• _Activity_:
Please write out exactly the lines of the data below from the line holding "Fernando Aramburu Merlos, research" through the line holding "Beijing, USA. 16th", and leave out the rest.

• _Records for the exercise_:
§ §

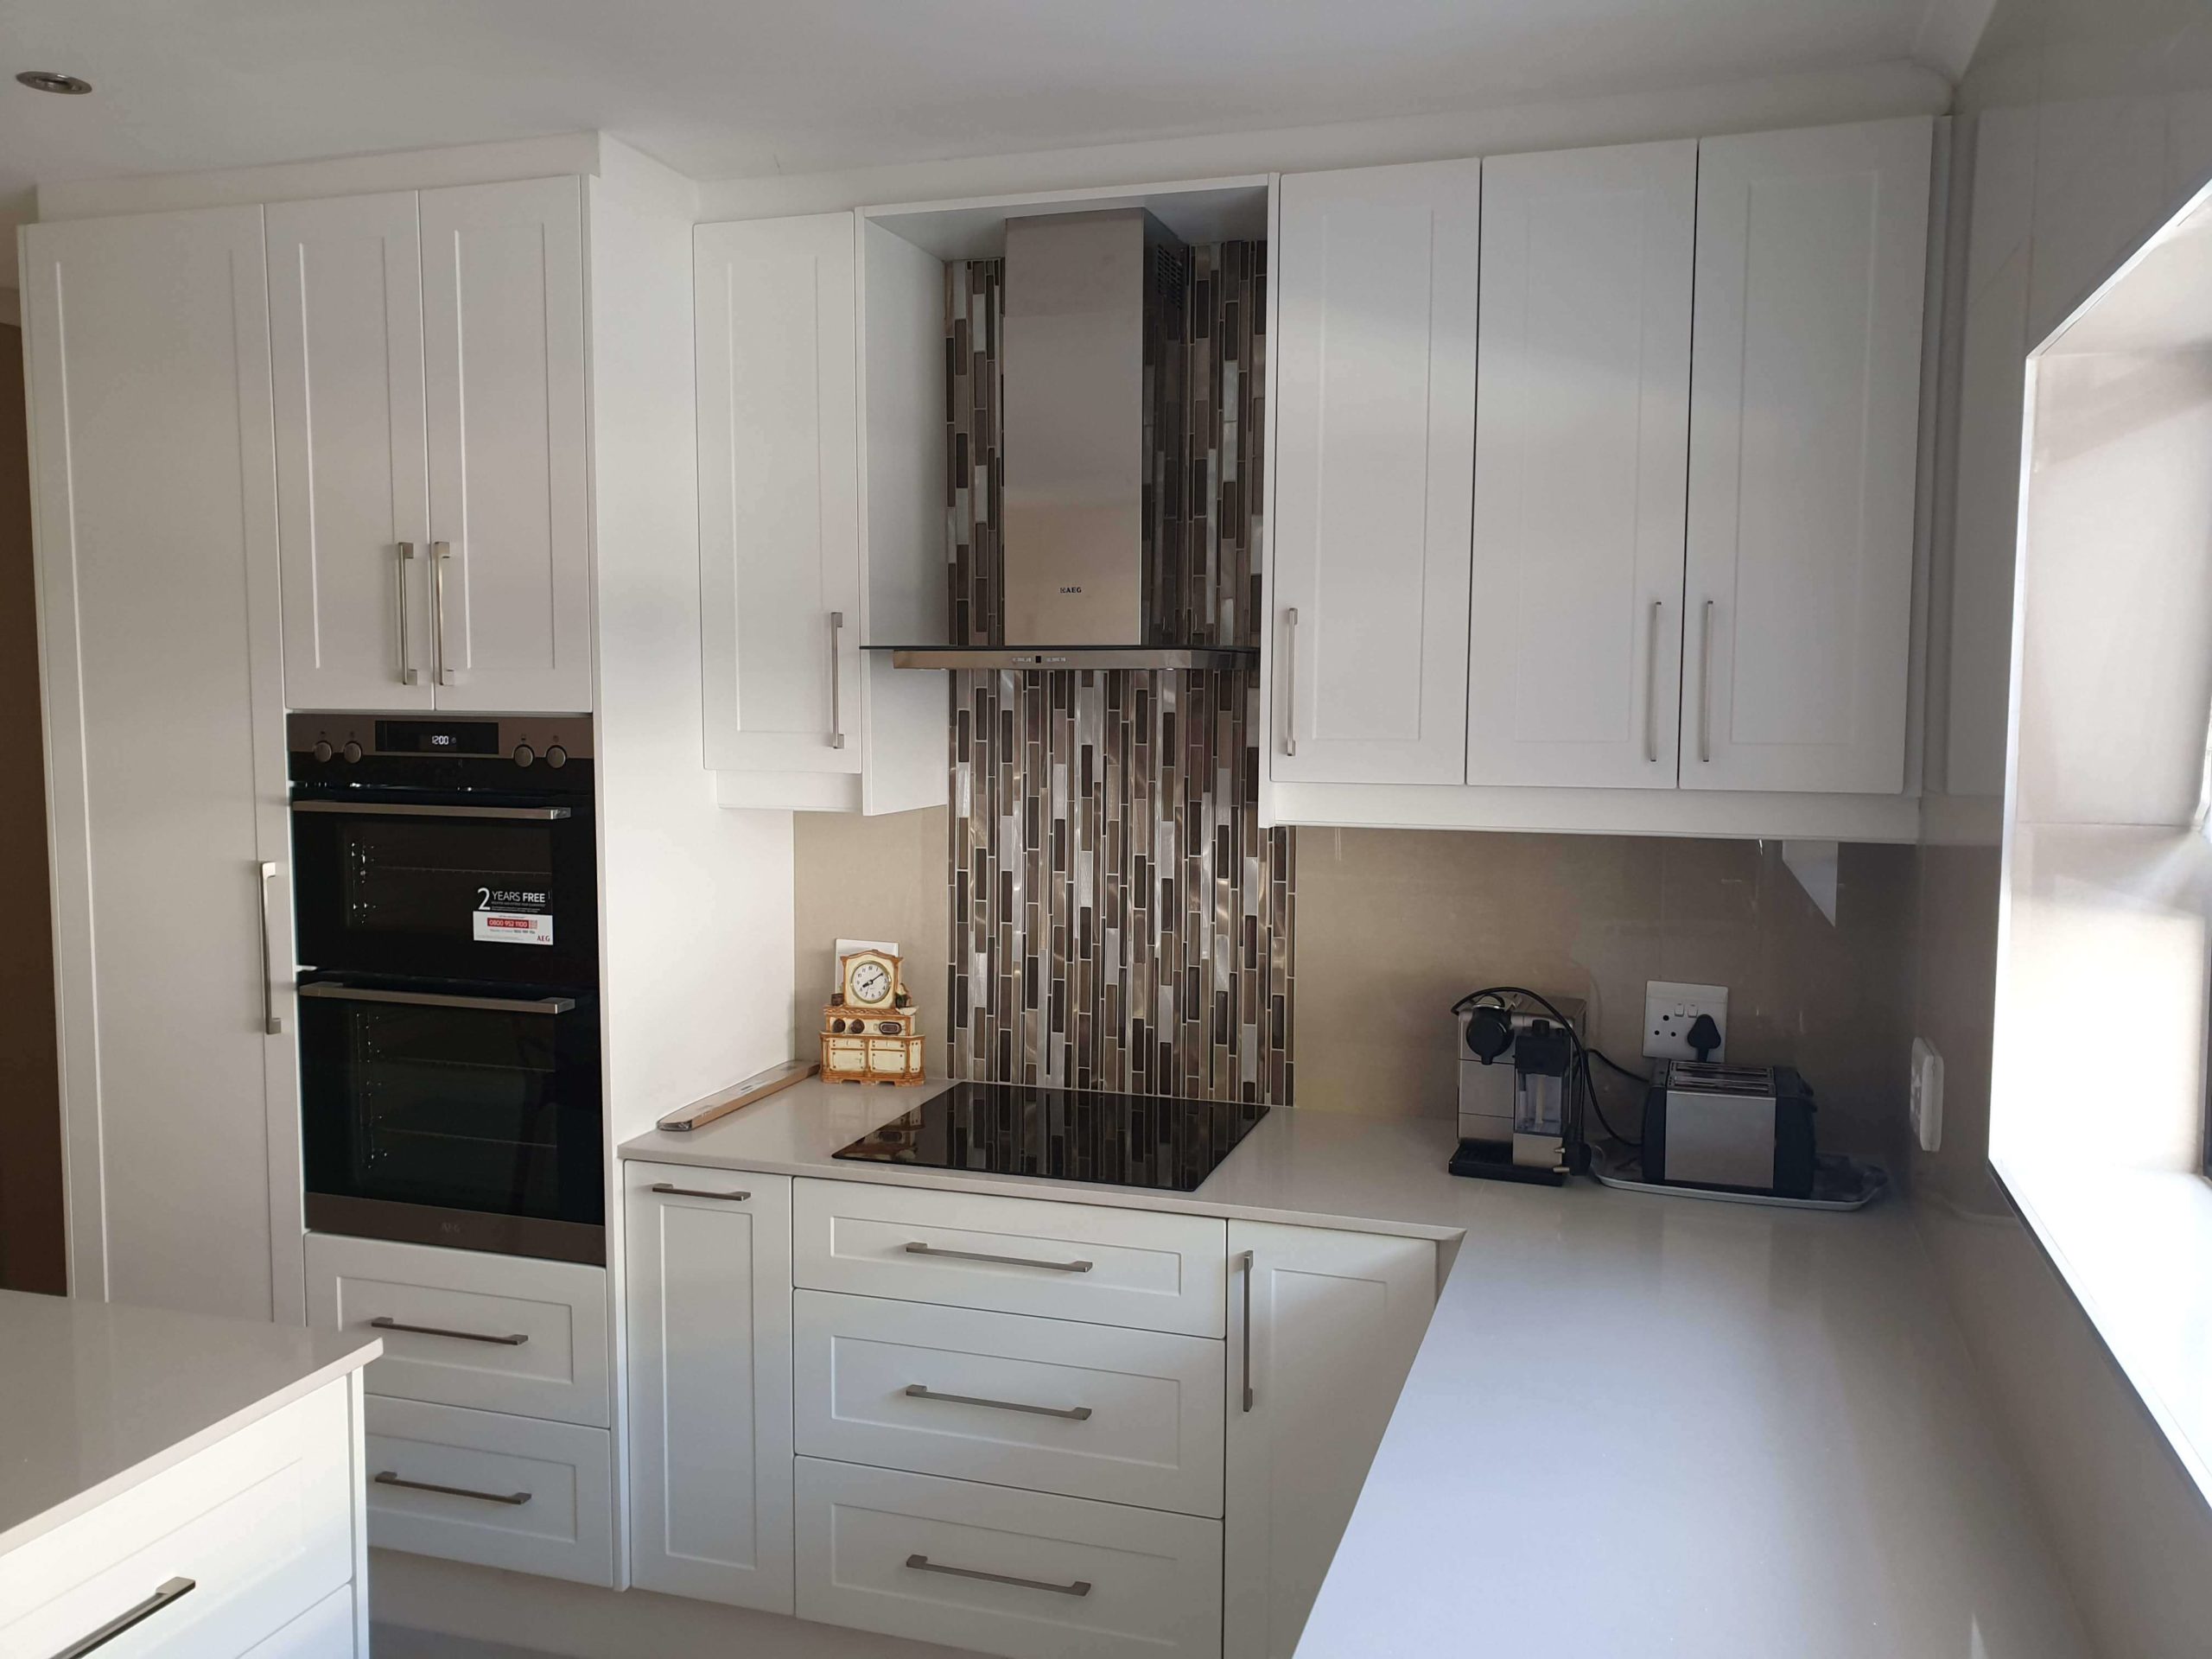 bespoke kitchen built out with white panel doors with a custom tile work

§ §

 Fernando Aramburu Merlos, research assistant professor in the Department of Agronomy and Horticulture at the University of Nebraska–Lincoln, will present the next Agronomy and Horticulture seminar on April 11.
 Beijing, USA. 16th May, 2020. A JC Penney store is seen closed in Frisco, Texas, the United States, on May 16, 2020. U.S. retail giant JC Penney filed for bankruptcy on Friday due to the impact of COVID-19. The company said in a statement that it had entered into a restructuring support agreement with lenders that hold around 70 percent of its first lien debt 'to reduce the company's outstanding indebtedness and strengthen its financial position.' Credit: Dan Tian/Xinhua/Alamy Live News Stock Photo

§ §

• _Solved problem_:
 Fernando Aramburu Merlos, research assistant professor in the Department of Agronomy and Horticulture at the University of Nebraska–Lincoln, will present the next Agronomy and Horticulture seminar on April 11.
 Beijing, USA. 16th May, 2020. A JC Penney store is seen closed in Frisco, Texas, the United States, on May 16, 2020. U.S. retail giant JC Penney filed for bankruptcy on Friday due to the impact of COVID-19. The company said in a statement that it had entered into a restructuring support agreement with lenders that hold around 70 percent of its first lien debt 'to reduce the company's outstanding indebtedness and strengthen its financial position.' Credit: Dan Tian/Xinhua/Alamy Live News Stock Photo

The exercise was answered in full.